*** Opening Exercise data ***

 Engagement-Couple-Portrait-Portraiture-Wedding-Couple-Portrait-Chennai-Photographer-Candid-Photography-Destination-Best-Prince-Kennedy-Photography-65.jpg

*** Closing Exercise data ***
*** Opening Exercise data ***

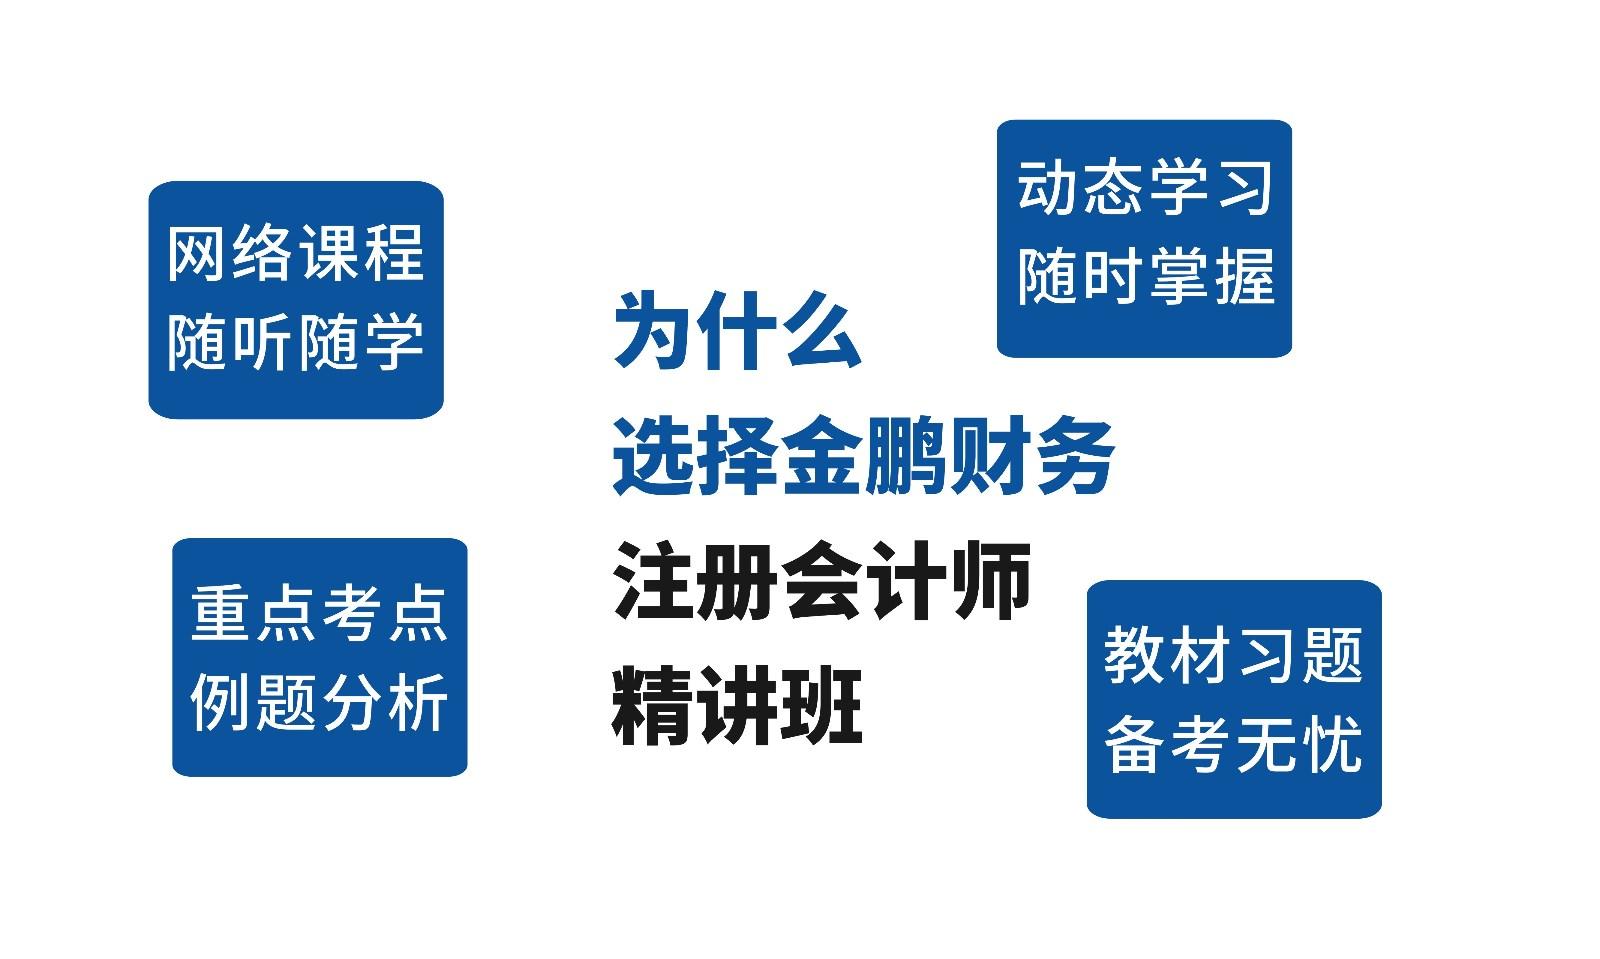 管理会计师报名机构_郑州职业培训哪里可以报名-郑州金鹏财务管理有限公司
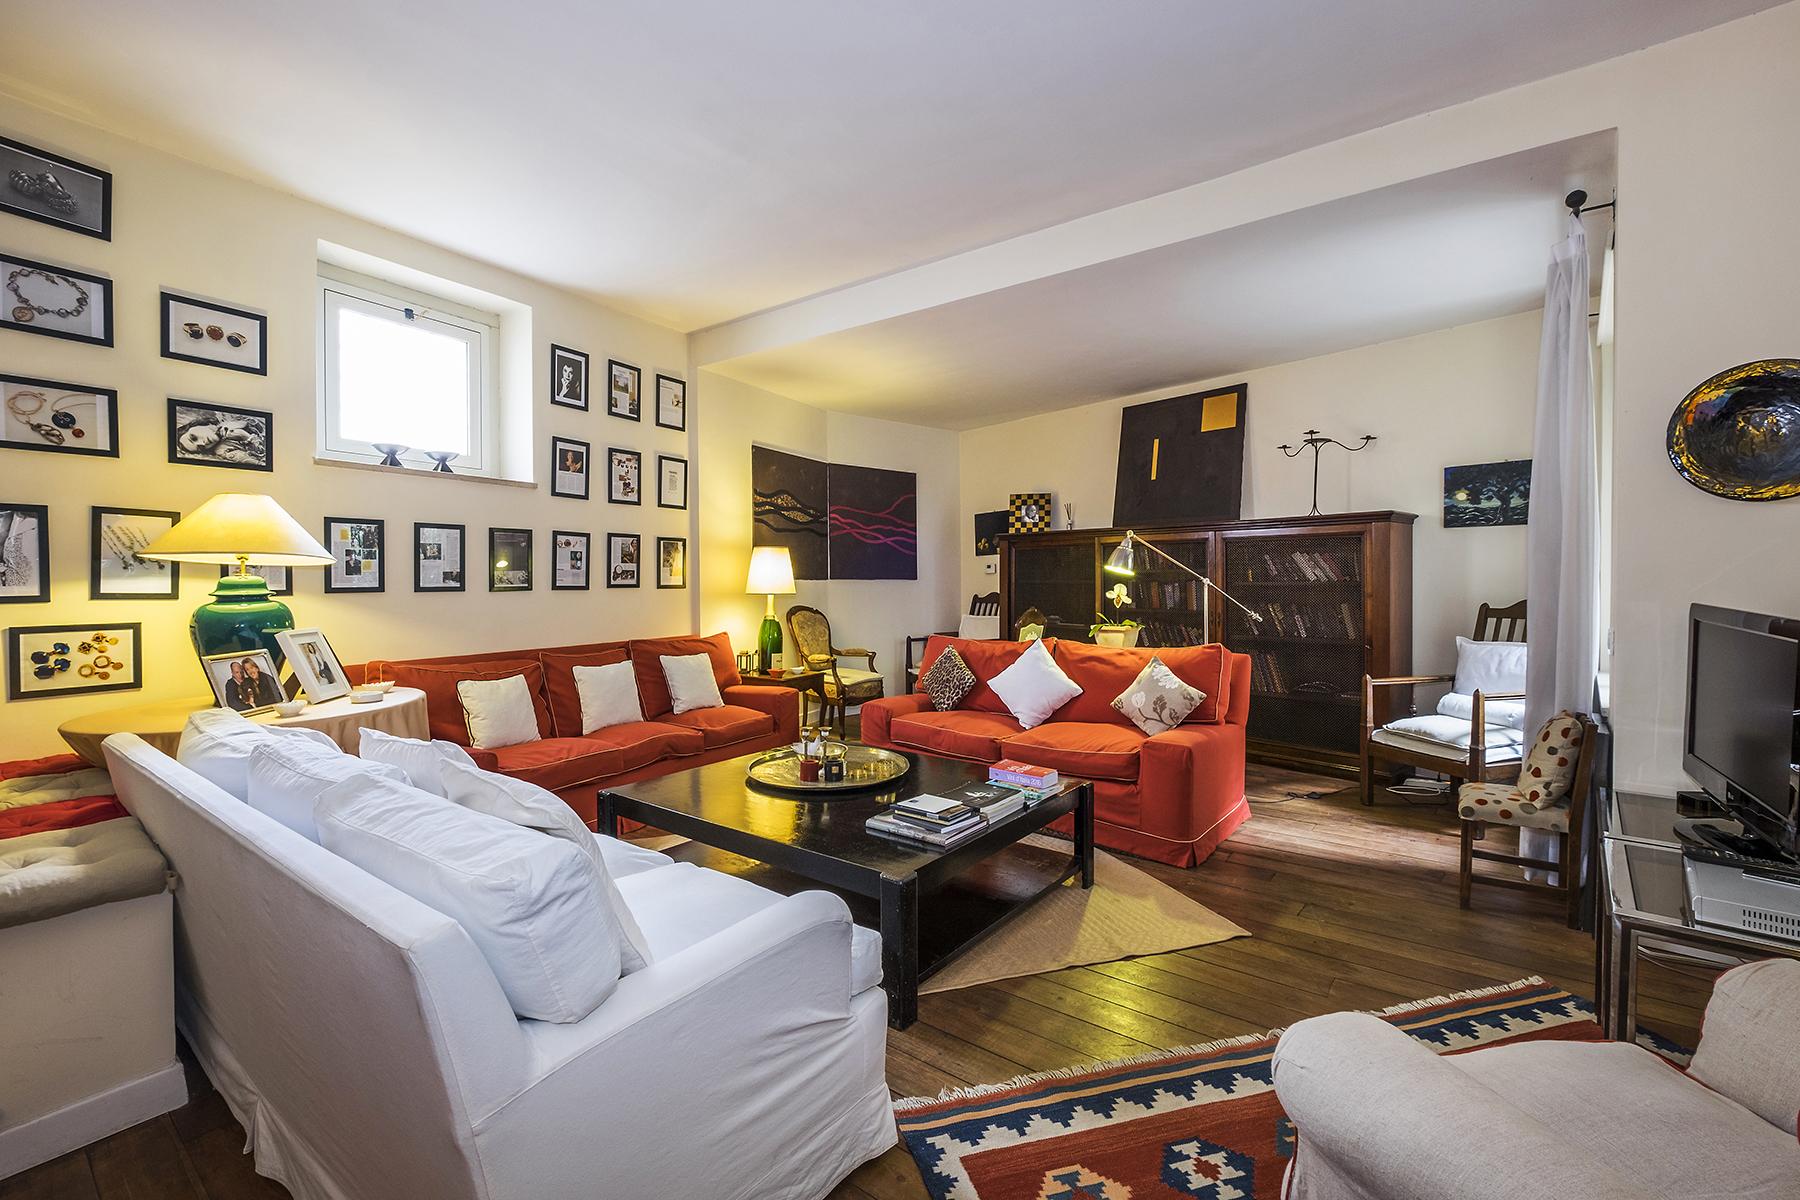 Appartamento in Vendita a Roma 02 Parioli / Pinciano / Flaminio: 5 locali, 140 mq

*** Closing Exercise data ***
*** Opening Exercise data ***

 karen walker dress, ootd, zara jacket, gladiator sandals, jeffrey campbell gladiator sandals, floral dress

*** Closing Exercise data ***

§ **Exercise prompt**
For the material above, give again only the lines starting at the line that contains "管理会计师报名机构_郑州职业培训哪里可以报名-郑州金鹏财务管理有限公司" and ending at the line that contains "Appartamento in Vendita". Pictures do not belong in the copy.

§ **Finished task**
 管理会计师报名机构_郑州职业培训哪里可以报名-郑州金鹏财务管理有限公司
 Appartamento in Vendita a Roma 02 Parioli / Pinciano / Flaminio: 5 locali, 140 mq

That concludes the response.